In the development of the DANUBIA components that describe the hydrological processes occurring at the land surface, considerable effort was made to realise the mutual interactions via appropriate interfaces, through which data is exchanged. The data represents the mutual interactions between the components. This effort generated the Surface, Soil, Biological and Snow and Ice components in DANUBIA. With a total of over 100 interfaces over which data exchange takes place, these components constitute a very comprehensive model system that reproduces well the complexity of the processes at the land surface. This structural complexity has corresponding effects on the performance of the Landsurface component. For this reason, it was decided to modify and make equivalent in its results the hydrological model PROMET (Mauser and Schädlich 1998; Mauser and Bach 2009) for operational purposes of simulating long and computationally intensive DANUBIA scenarios. PROMET was not developed in the context of the project and essentially is a non-object-oriented hydrological land surface model, which was developed in FORTRAN. It was integrated with DANUBIA to replace the DANUBIA’s Landsurface component in order to increase the performance in the practical implementation of DANUBIA. The physical basis of PROMET is virtually identical with the original Landsurface component in terms of its description of the hydrological processes at the land surface, but avoids the high complexity of the interfaces because the components are internally coupled. The following principles are implemented in both DANUBIA and PROMET:

  • Comprehensive physical and physiological description of the processes in the context of the flows of water in a mesoscale alpine drainage basin. This comprises the following processes:

    • Ingestion of meteorological drivers, either from regionally downscaled and bias-corrected climate models (Chap. 51) or from spatially and temporally interpolated station data (Chaps. 49 and 50).
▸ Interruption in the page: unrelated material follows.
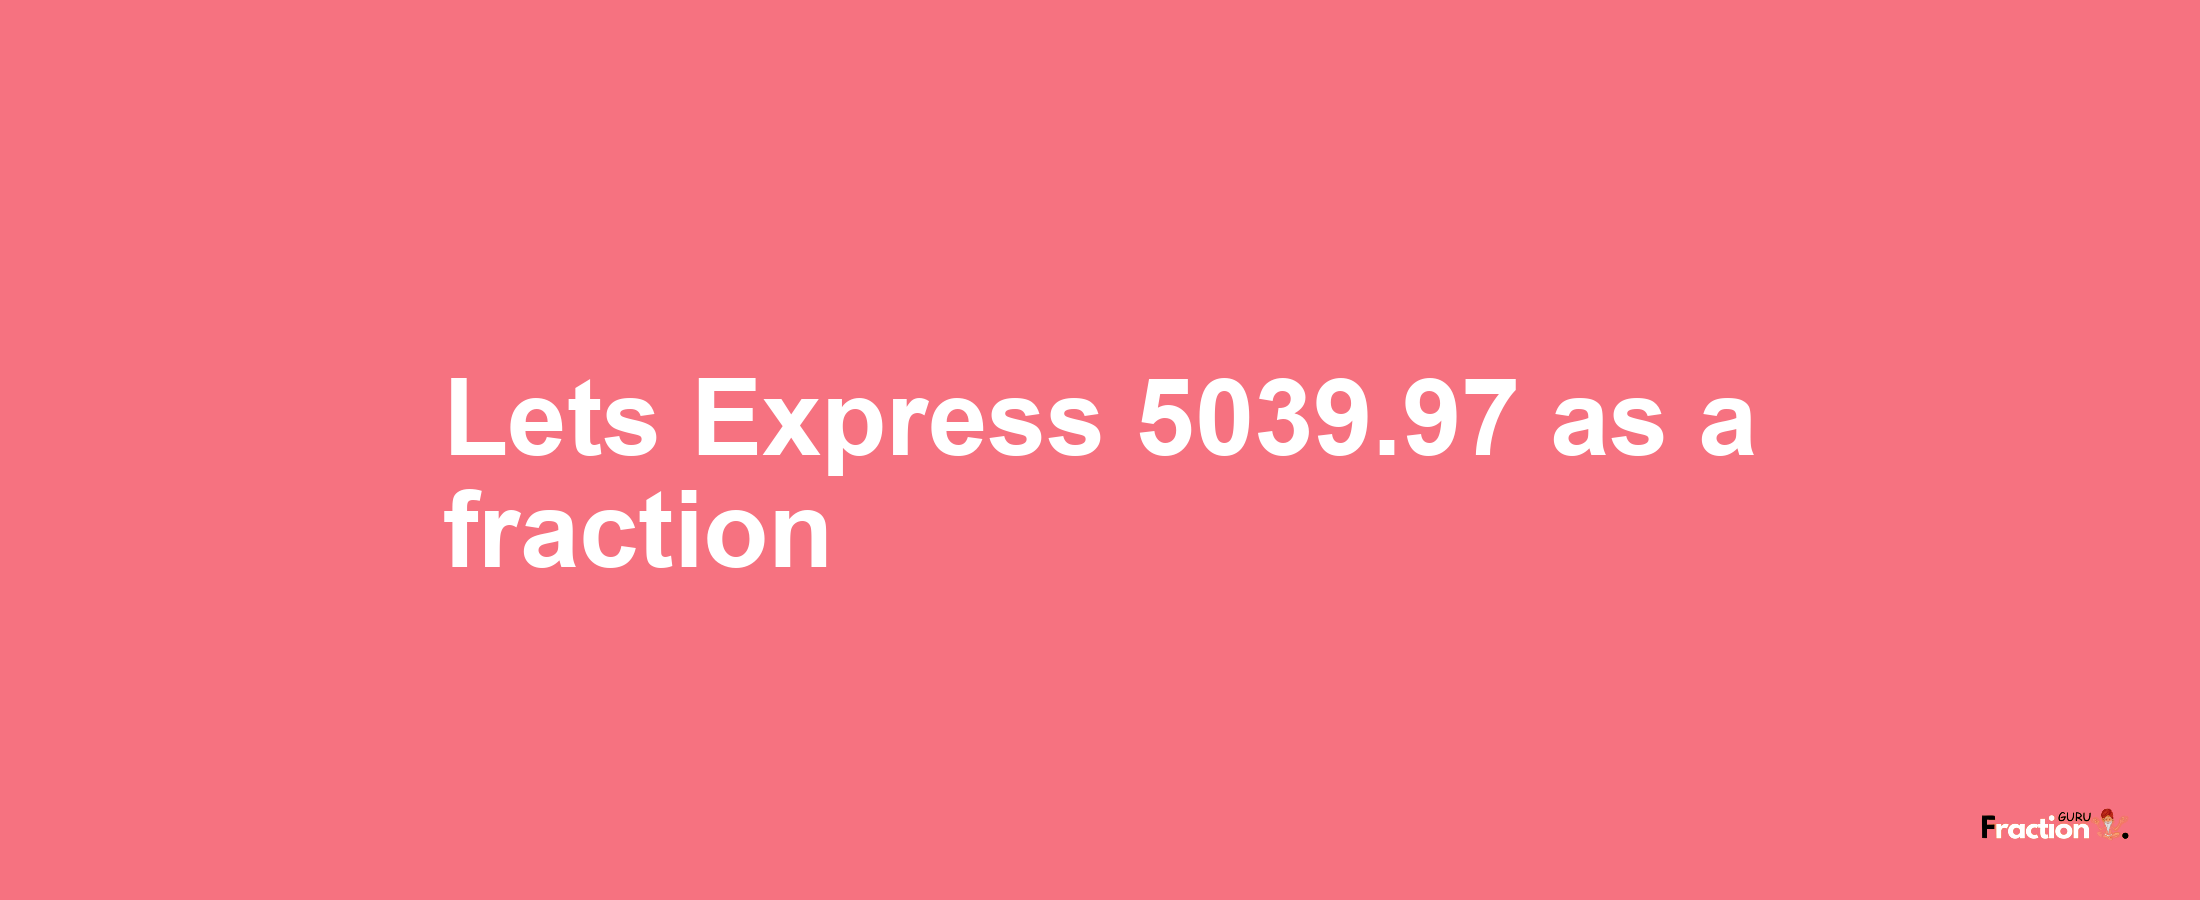 Lets Express 5039.97 as afraction

    • Energy and mass exchange between the land surface and the atmosphere, including the physiological control of gas exchange (interception, evapotranspiration, sensible heat flow, carbon exchange, radiation balance, momentum exchange).

    • Dynamic, vegetation canopy development, which describes mechanistically the physiological processes related to photosynthesis, respiration, phenological development, canopy development and yield.

    • The dynamics of snow and ice.

    • Vertical and lateral, as well as saturated and unsaturated, flows of water (infiltration, interflow, surface discharge, groundwater flow).

    • Channel run-off and flows through natural lakes as a self-organised process dependent on relief.

    • Flows through hydraulic structures such as run-of-the-river hydropower stations, reservoirs and diversions, sewage plants, etc.

  • Rigorous adherence to the laws of conservation of mass and energy.

  • Spatial distribution in modelling the processes based on an isotropic spatial grid.

  • Ensuring physical consistency and the predictive ability by largely avoiding calibration. This means that basin-wide the same rules apply to determine the spatially distributed values for the model parameters from first-order physical and/or physiological principles. This implies that parameter optimisation in sub-catchments of the basin using measured discharges at singular locations of gauges is not applied. Instead, values from literature, measurements (on the ground or via remote sensing) and detailed relief analyses are used to initialise the spatially distributed model parameters. All methods used for determining parameter values are implemented in the same consistent way over the entire basin and that no separate rules and methods are applied to subbasins. In this way, it can be ensured that the method used for calculating the spatial distribution of a parameter also covers a broad range of values.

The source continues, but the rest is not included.